BP: Shale oil is a significant resource, of course, but it is not a "game changer." It is in the same category with shale gas. The Bakken is a very material resource and it will provide decades of production. However, Bakken production has peaked in Saskatchewan. It has peaked in Montana. It is approaching its peak in North Dakota. This does not mean that we are running out of drilling locations, or that production is going to fall off a cliff tomorrow. However, I expect production to plateau before long. Something similar is happening in the Eagle Ford in Texas. A lot of the wells there have extremely high decline rates and production may be hitting a plateau. In the overall context of the United States, we see a continuous decline in the Gulf of Mexico and California. There is significant decline in Alaska. Those producers are struggling to keep up the flow through the Alyeska pipeline without having to do a major retrofit of the pipeline to put in more pumps due to the low throughput pressure. We are seeing a decline in California of about 15,000 barrels every year. The overall increase in oil production in the U.S. in the last few years has been wonderful, but many oil fields are getting long in the tooth, and I would expect a plateau to soon emerge.

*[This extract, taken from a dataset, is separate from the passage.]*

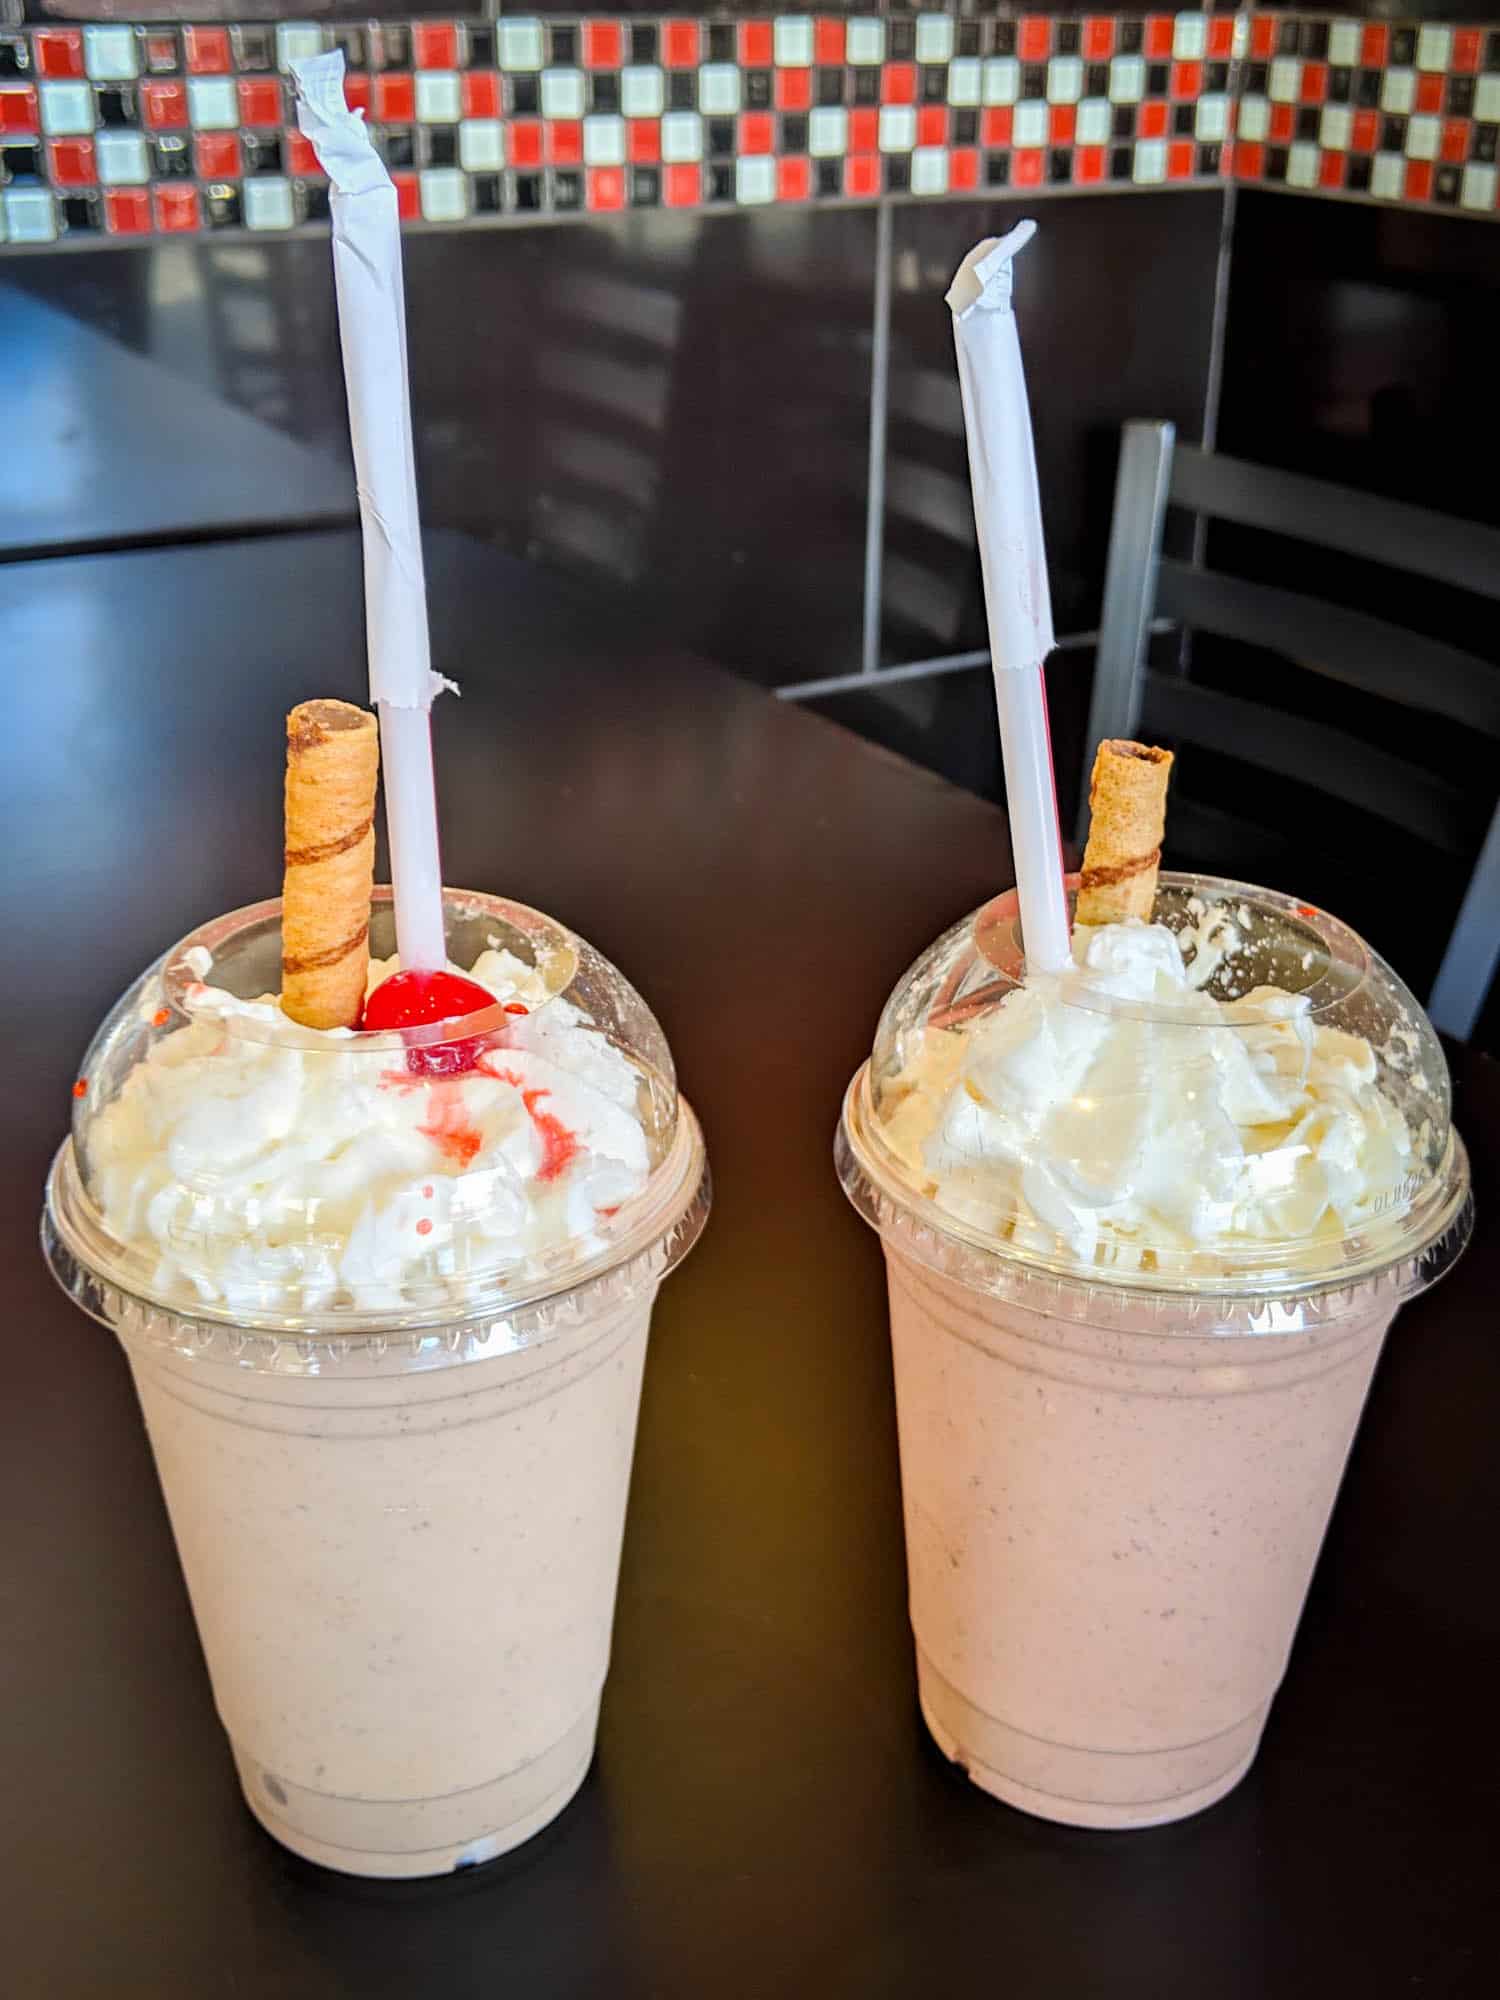 Johnny's Beef & Gyros serves delicious milkshakes. Located in Chicago it is one of the best places to eat on a budget.

TER: How will the contraction of the natural gas supply affect its price?
BP: We will see a new equilibrium price for gas at much higher levels than the present. I vehemently disagree with industry observers who say that the U.S. is the next big exporter of liquefied natural gas (LNG). I believe that the U.S. will soon be increasing LNG imports, and that U.S. prices will move back to world levels.
We are currently seeing between $13 per thousand cubic feet (Mcf) and $15/Mcf in South America as Brazil and Argentina import LNG. We're seeing $17/Mcf in Japan and similar prices in Korea. The only place that is not increasing its LNG imports right now is Europe, and that is being made up for by increasing demand in Asia.
TER: How will a contracting supply affect the prospects of companies that are exploring and developing gas fields in North America today?
BP: The companies that can find new reserves of oil and gas will enter a golden era as prices skyrocket. There has been a lot of consolidation in the industry over the last five years. In Canada, very few juniors have started up since 2007. This is the fifth anniversary of the Halloween Massacre, when the Canadian government changed the laws regarding trusts, which really shrank the amount of capital going into junior companies.
The bigger North American companies are consolidating, because it is harder to acquire prospective land. Plus, the cost of drilling wells has gone up. But juniors that can find new reserves and that can increase production per share and cash-flow per share will have a wonderful rise over the next three to five years. Companies are helped by the upward trend of ever-higher oil prices and we will soon seemuch higher gas prices. And remember, all of this is happening at a time of historically low interest rates. So companies that can get to critical size and borrow money at today's low rates have a chance to deploy that capital into some very high-return projects. Good companies are trading at historically low multiples of cash flow or multiples of NAV (net asset value). So there are some great values out there that really make the energy sector attractive.